Department of Pediatrics, Seoul National University Hospital, Seoul National University College of Medicine, 101 Daehak-ro, Jongno-gu, Seoul, 03080, Republic of Korea.
Department of Pediatrics, College of Medicine, Ewha Womans University, Seoul, Republic of Korea.
BMC Pediatr. 2021 Oct 16;21(1):453. doi: 10.1186/s12887-021-02923-6.
Severe protein C deficiency is a rare and inherited cause of thrombophilia in neonates. Protein C acts as an anticoagulant, and its deficiency results in vascular thrombosis. Herein, we report a case of protein C deficiency with a homozygous pathogenic variant in a term neonate, with good outcomes after proper treatment.
A four-day-old male newborn was transferred to the Seoul National University Hospital on account of dark red to black skin lesions. He was born full-term with an average birth weight without perinatal problems. There were no abnormal findings in the prenatal tests, including intrauterine sonography. The first skin lesion was observed on his right toes and rapidly progressed to proximal areas, such as the lower legs, left arm, and buttock. Under the impression of thromboembolism or vasculitis, we performed a coagulopathy workup, which revealed a high D-dimer level of 23.05 μg/ml. A skin biopsy showed fibrin clots in most capillaries, and his protein C activity level was below 10%, from which we diagnosed protein C deficiency. On postnatal day 6, he experienced an apnea event with desaturation and an abnormal right pupillary light reflex. Brain computed tomography showed multifocal patchy intracranial hemorrhage and intraventricular hemorrhage with an old ischemic lesion. Ophthalmic examination revealed bilateral retinal traction detachments with retinal folds. Protein C concentrate replacement therapy was added to previous treatments including steroids, prostaglandin E1, and anticoagulation. After replacement therapy, there were no new skin lesions, and the previous lesions recovered with scarring. Although there were no new brain hemorrhagic infarctions, there was ongoing ischemic tissue loss, which required further rehabilitation. Ophthalmic surgical interventions were performed to treat the bilateral retinal traction detachments with retinal folds. Molecular analysis revealed a homozygous pathogenic variant in the PROC gene.

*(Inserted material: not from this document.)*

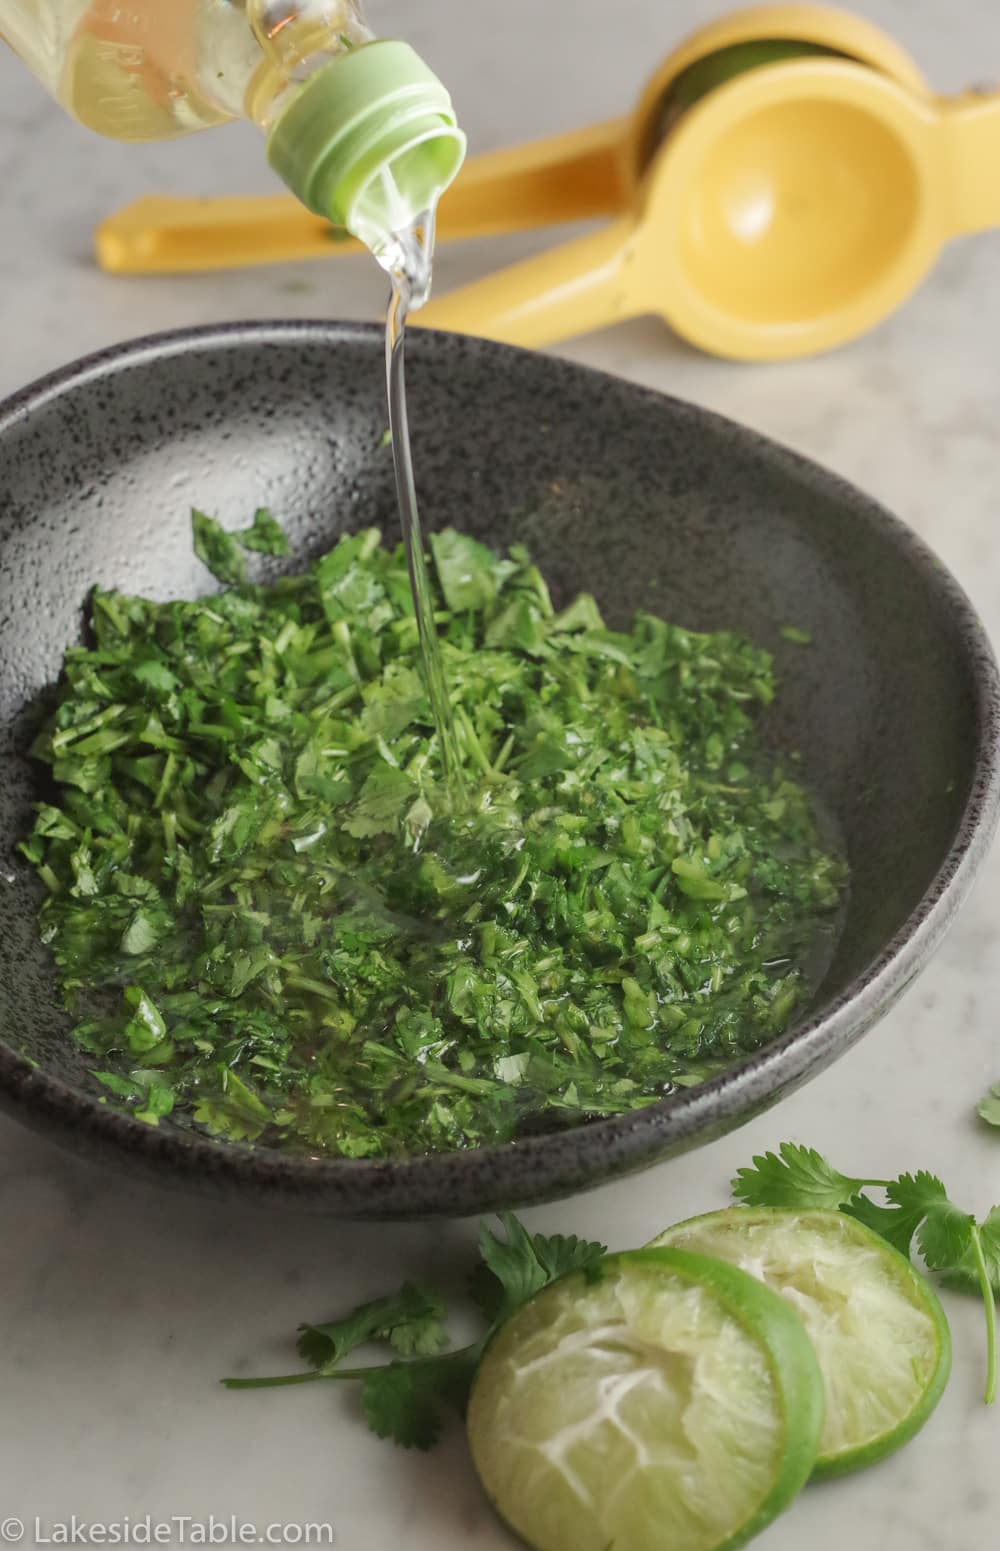 How to Make Easy Chimichurri Sauce with Cilantro

Severe protein C deficiency can manifest as a fatal coagulopathy in any organ. Early diagnosis and proper treatment, including protein C concentrate replacement, may improve outcomes without serious sequelae.
严重蛋白 C 缺乏症是新生儿血栓形成的一种罕见且遗传性病因。蛋白 C 作为一种抗凝剂,其缺乏会导致血管血栓形成。在此,我们报告了一例足月新生儿蛋白 C 缺乏症,存在纯合致病性变异,经适当治疗后结局良好。
一名 4 天大的男性新生儿因皮肤出现暗红色至黑色斑疹而转入首尔国立大学医院。他足月出生,体重正常,无围产期问题。产前检查无异常发现,包括宫内超声检查。他的右侧脚趾出现第一个皮损,并迅速向小腿、左臂和臀部等近端部位进展。鉴于血栓栓塞或血管炎的印象,我们进行了凝血功能障碍检查,结果显示 D-二聚体水平较高(23.05μg/ml)。皮肤活检显示大多数毛细血管中有纤维蛋白凝块,其蛋白 C 活性水平低于 10%,由此我们诊断为蛋白 C 缺乏症。在出生后第 6 天,他出现呼吸暂停伴血氧饱和度下降和右侧瞳孔光反射异常。脑计算机断层扫描显示多灶性斑片状颅内出血和伴有陈旧性缺血性病变的脑室内出血。眼科检查显示双侧视网膜牵拉性脱离伴视网膜褶皱。在之前的治疗方案中(包括类固醇、前列腺素 E1 和抗凝治疗)加入了蛋白 C 浓缩物替代治疗。替代治疗后,未出现新的皮肤损伤,先前的皮肤损伤已恢复并留有瘢痕。尽管没有新的脑出血性梗死,但仍有持续的缺血性组织损失,需要进一步康复。眼科手术干预用于治疗双侧视网膜牵拉性脱离伴视网膜褶皱。分子分析显示 PROC 基因存在纯合致病性变异。
严重蛋白 C 缺乏症可在任何器官表现为致命性凝血功能障碍。早期诊断和适当治疗,包括蛋白 C 浓缩物替代治疗,可能改善结局,避免严重后遗症。